4. The model-based multi-agent reinforcement learning method of claim 3, wherein each of said multi-agents holds an independent multi-agent environment model

And set of adversary policy models

5. The model-based multi-agent reinforcement learning method of claim 4, wherein a method of dynamically selecting an opponent model is used in generating the virtual trajectory.

6. The model-based multi-agent reinforcement learning method of claim 5, characterized in that for the current agent i, the model for each adversary strategy is represented as

Wherein j ∈ { -i }, the method of dynamically selecting an adversary model comprises two steps:

step a, strategy model for each opponent

B, giving the length K of the virtual track, and giving the length K of the virtual track to the opponent agent j, the first n_j＝

Using a model of the opponent agent's policy to generate an action of the opponent agent at that time; and following K-n_jThe adversary agent is requested in steps for the actions taken under its real policy.

7. The model-based multi-agent reinforcement learning method of claim 6, wherein the generation of the virtual trajectory comprises the steps of:

step 1, initializing t to be 0, wherein the length of a virtual track is K;

step 2, selecting a state s from the real track_t；

Step 3, obtaining the combined action of the other opponents under the state s

And the current time prize r_t；

Step 6, mixing(s)_t,aⁱ,a^-i,s_t+1,r_t) Put into an experience playback pool

Performing the following steps;

8. The model-based multi-agent reinforcement learning method of claim 7, wherein said virtual trajectory is regenerated after modeling said multi-agent environment and opponent agent policies to a certain accuracy.

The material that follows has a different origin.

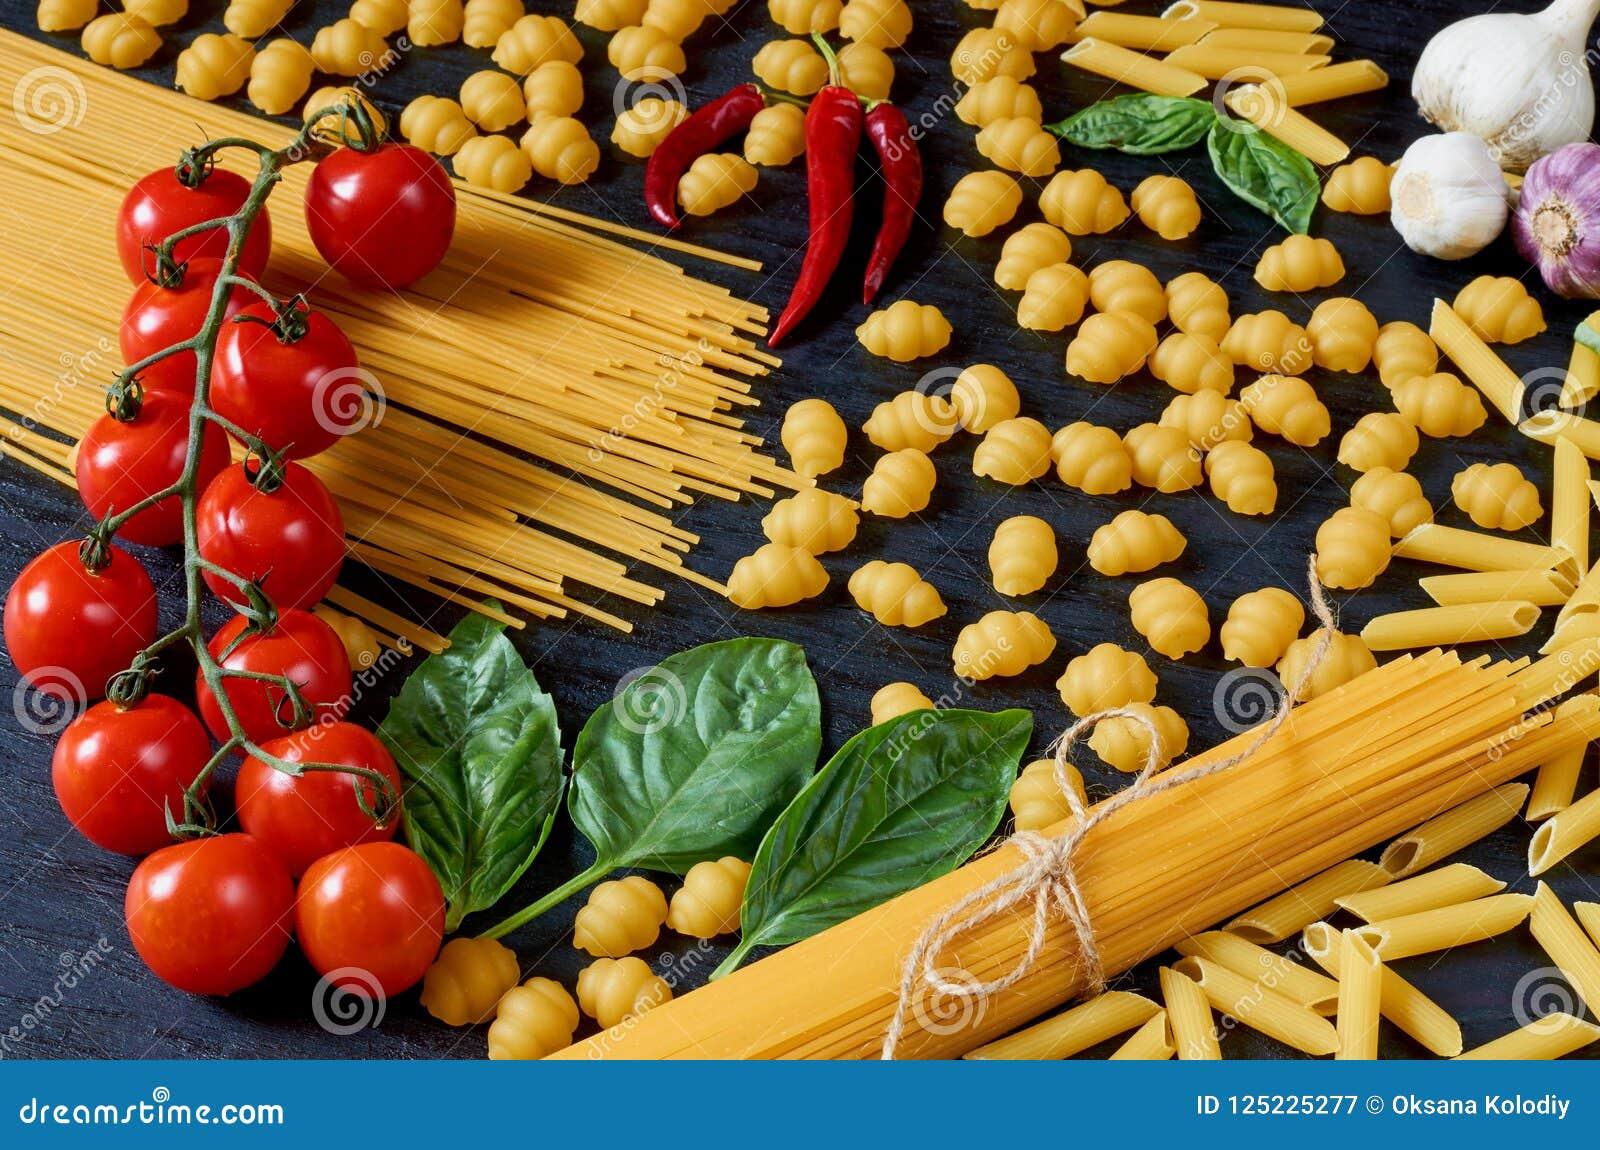 Italiensk traditionell mat, kryddor och ingredienser för att laga mat som basilika, körsbärsröda tomater, chilipeppar, vitlök och
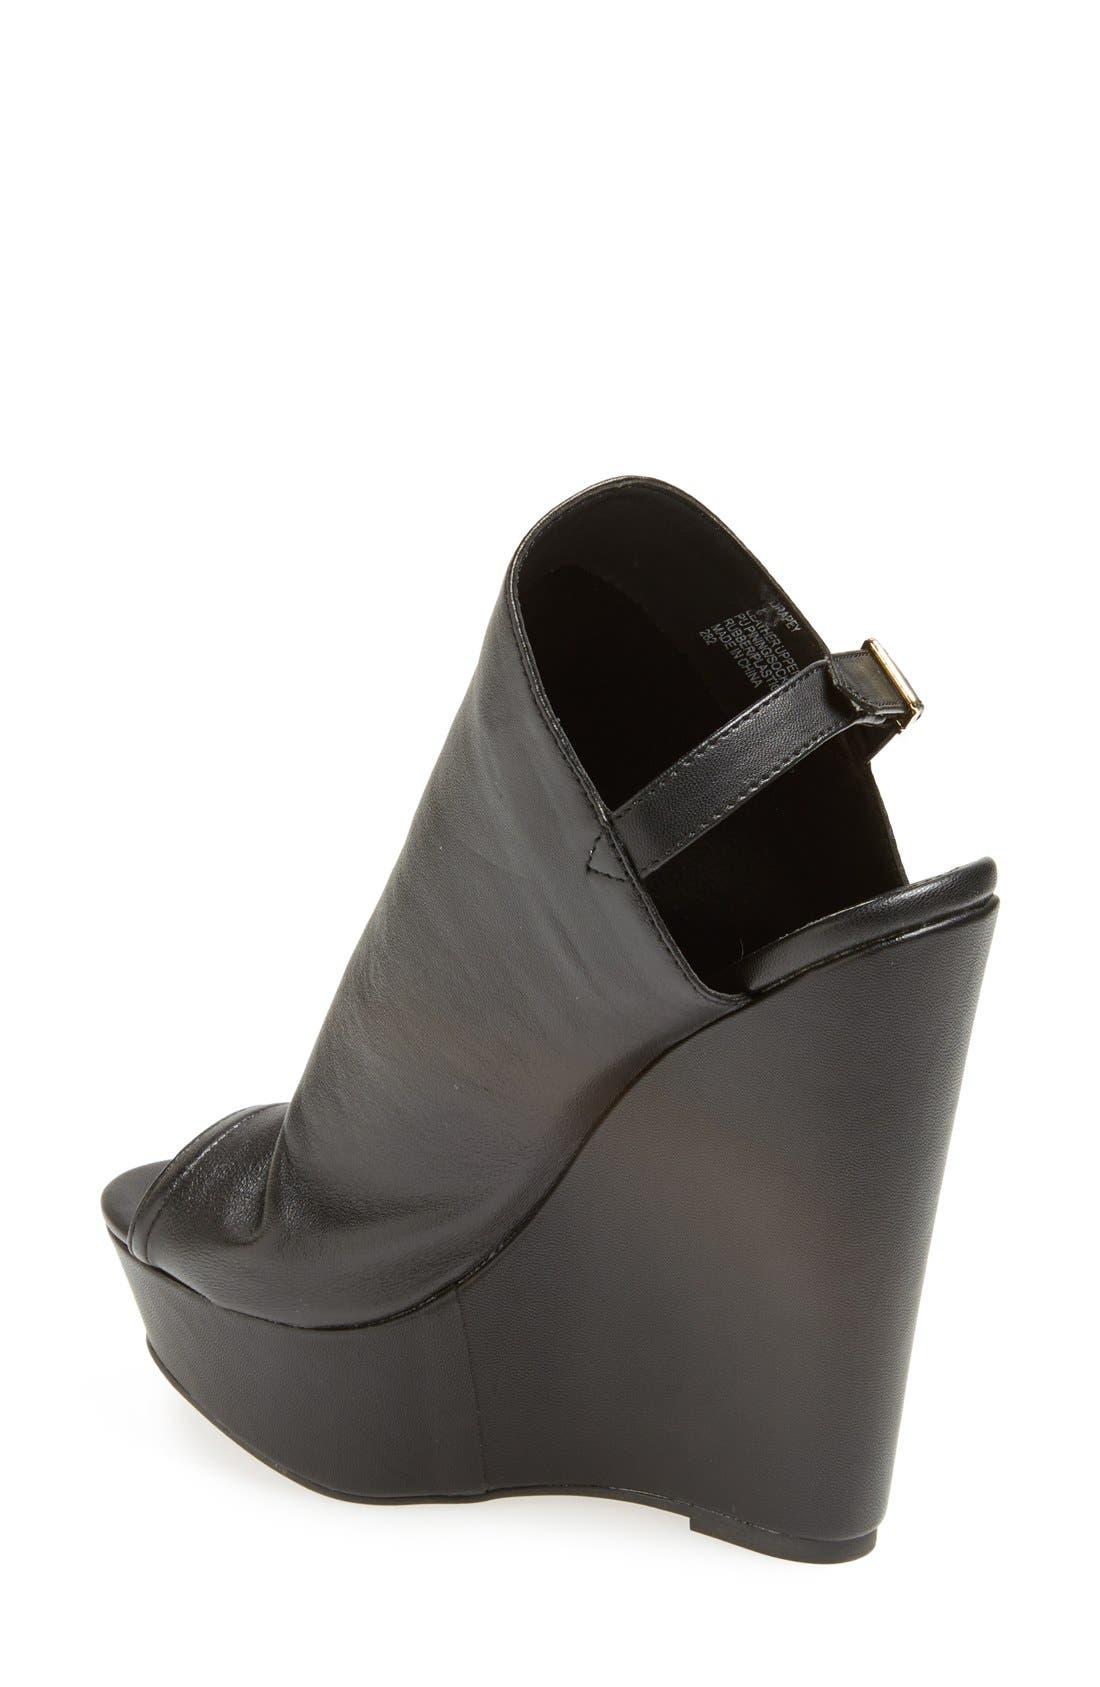 Alternate Image 2  - Steve Madden 'Drapey' Wedge Sandal (Women)

9. The model-based multi-agent reinforcement learning method of claim 8, wherein gaussian distributions are used to represent model outputs in modeling the multi-agent environment and the adversary agent policies, and a plurality of models are built for the multi-agent environment, the multi-agent environment model being used using an ensemble learning approach; let the number of environment models be B, then the set of environment models be

Wherein B ∈ {1, …, B }; the adversary strategy model is

Wherein j ∈ { -i }.

10. The model-based multi-agent reinforcement learning method of claim 9, wherein gradient descent is used to update in modeling the multi-agent environment and the opponent agent policy.